Individual dose selection is carried out under the control of ECG and blood pressure. QRS and the QT increases by more than 20%, it is necessary to reduce the dose or temporarily discontinue propafenone until the ECG values ​​normalize. The therapeutic dose for patients weighing 70 kg is usually 450–600 mg/day (150 mg 3 times a day or 300 mg 2 times a day). In some cases, it can be increased to 900 mg (300 mg 3 times a day). As an exception, it can be prescribed at a higher dose under strict ECG monitoring. Patients with lower body weight should reduce doses accordingly. In elderly patients and patients with severe myocardial damage at the beginning of treatment, the dose should be increased gradually.

Propafenone 150 mg 50 pcs. film-coated tablets

pharmachologic effect

Antiarrhythmic drug.

Composition and release form Propafenone 150 mg 50 pcs. film-coated tablets

Tablets - 1 tablet:

  • active substance: propafenone hydrochloride 150,000 mg;
  • excipients: lactose monohydrate 10.120 mg, sodium lauryl sulfate 2.300 mg, sodium carboxymethyl starch 18.400 mg, magnesium stearate 0.690 mg, povidone 11.500 mg, talc 0.460 mg, microcrystalline cellulose 36.530 mg;
  • Shell: opadry white Y-1-7000 5,000 mg (hypromellose 5cP 3.125 mg, titanium dioxide E171 1.5625 mg, macrogol-400 0.3125 mg).

10 tablets in a perforated blister made of aluminum foil and PVC film.

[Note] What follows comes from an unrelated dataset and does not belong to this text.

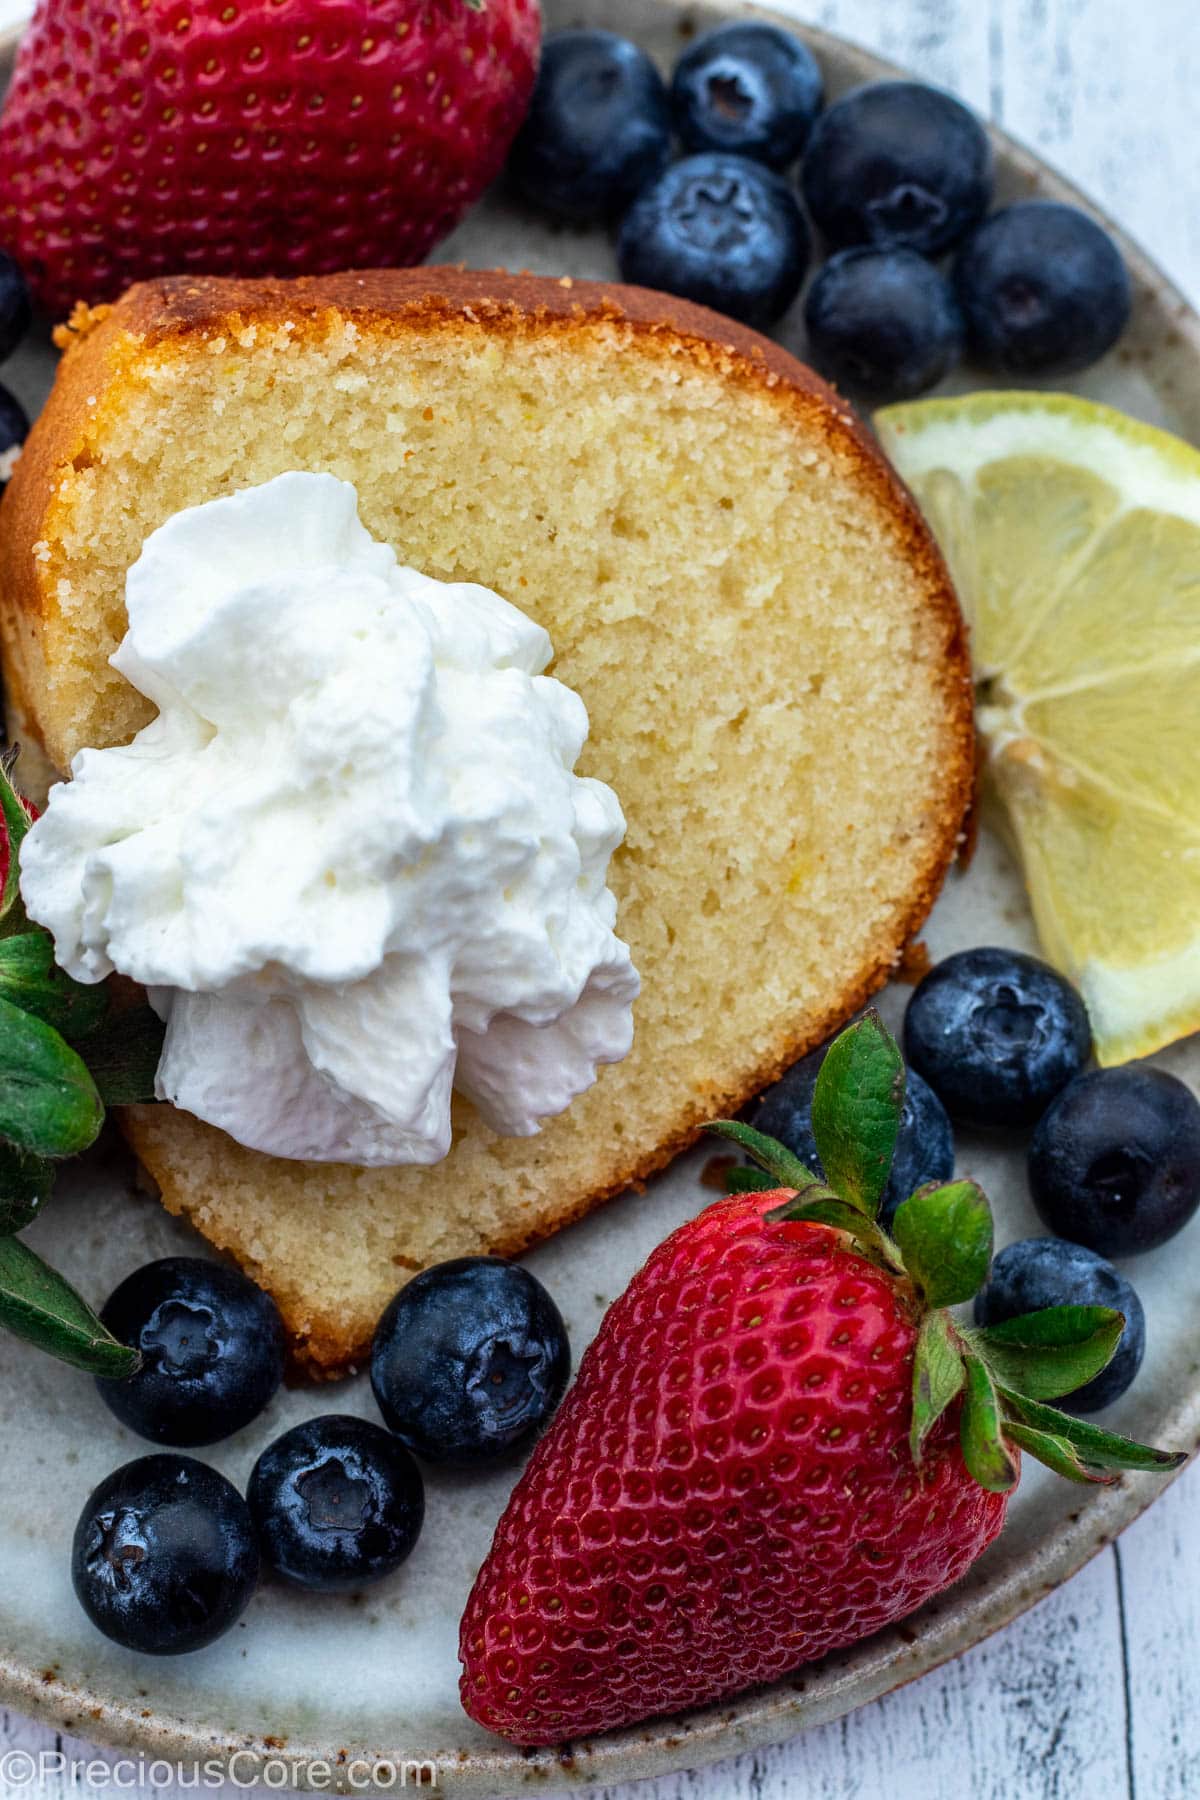 A slice of lemon pound cake on a plate, topped with whipped cream and surrounded by berries.

4 blisters (40 tablets) or 5 blisters (50 tablets) along with instructions for use are placed in a cardboard box.

Description of the dosage form

Round, biconvex, white film-coated tablets with a score line on one side. The kernel is white.

Directions for use and doses

Inside. The tablets should be swallowed whole after meals with a small amount of water.

The dosage regimen is set individually and adjusted by the doctor. It is recommended to begin therapy in a hospital, having first discontinued all antiarrhythmic drugs (under the control of blood pressure, ECG, assessment of the width of the QRS complex).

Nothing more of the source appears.